Rotorua boxer aims for the top

Emile Richardson. Photo: Steph Rangi/Stuff.

Last year Emile Richardson was named the North Island Golden Gloves middleweight champion – this year, he holds the top spot in New Zealand.

In February, Richardson, 21, took on a boxer from the West Coast in the New Zealand Elite Boxing Trials at the Auckland Boxing Association to be given the number one ranking in middleweight in New Zealand.

The trial was also a way to secure Richardson's spot for qualifications for the Olympic Games. It involved one fight straight final.

Richardson was number two ranked just last year but now that he's taken that top spot, he has set his focus on one more goal – being selected for next year's Olympic Games.

"I won that New Zealand number one spot, now it's time to take on the world," Richardson says.

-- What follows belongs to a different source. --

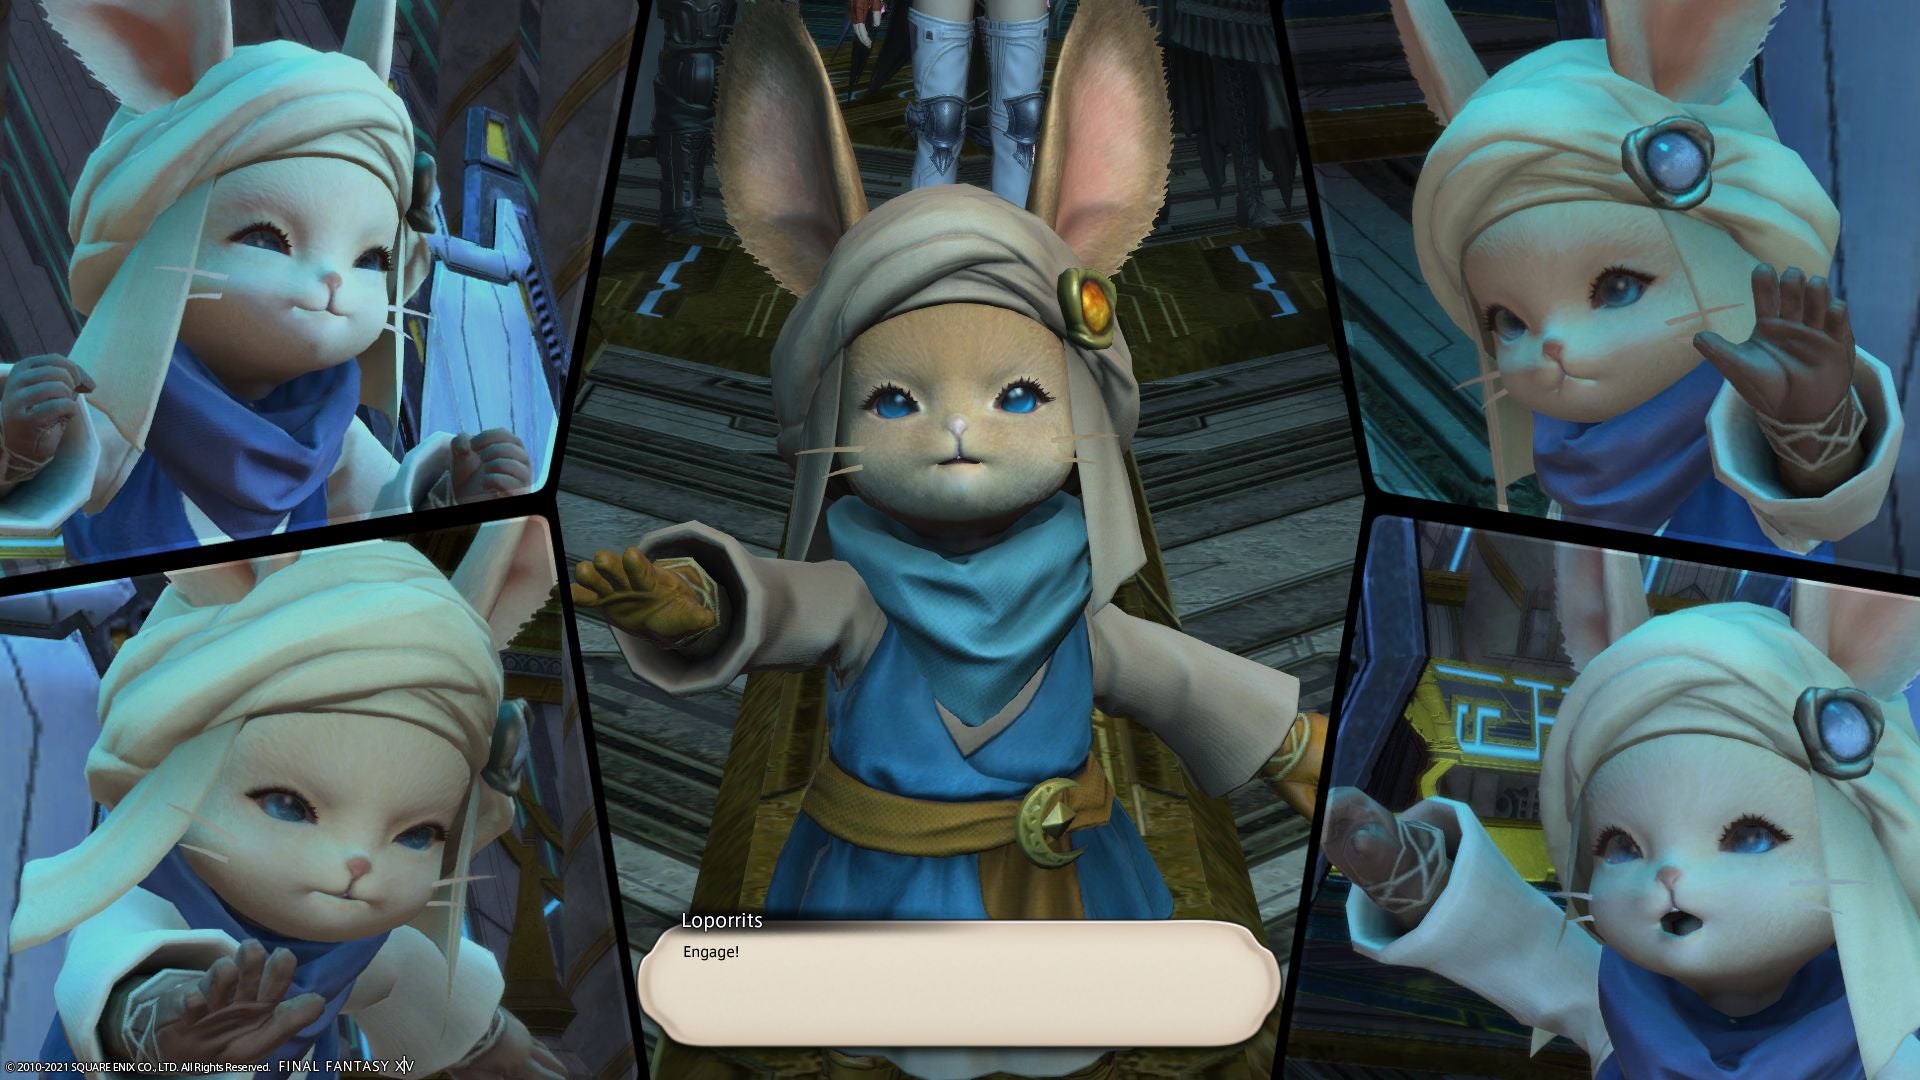 Final Fantasy 14 - A bunny creature called Loporrits says "Engage!"

"The Olympics have been my goal since I started."

Winning the North Island Golden Gloves title last year, followed by the number one ranking in New Zealand this year, means is now on the right track to being selected.

"Now I've just got to focus on qualifiers for the Olympic Games in September."

Training for Richardson will be intense up until the qualifiers, as will the fights he has planned. He has a handful of international fights coming up, three of those with Australian boxers.

But sporting success runs in the family for Richardson. The late Sir Colin Meads is a cousin. His uncle Leigh Meads was an Olympic boxer who qualified for the 1984 summer Olympics in LA and cousin, Justin McDermott, is a Muay Thai champion and owns the ROC gym in Taupō.

"It runs in the family really. I was always going to be either a boxer or a rugby player."

Now that the Olympics are in sight, everything Richardson has given up is starting to become worth it.

"I've had to sacrifice a lot of things because of training but I want that Olympic spot so bad.

"Boxing is just incredible. I can't see myself doing anything else. Training so hard makes the results in the long run worth it."

He regularly travels to Rotorua where his trainer Rex Jenkins is based and where he gets plenty of sparring practice.

It has taken him five years of training, and four years of fighting, to get to this stage and he is more than ready to battle it out for a spot in the Olympics.

Richardson is now in preparation to compete in the seventh Thailand open international boxing tournament.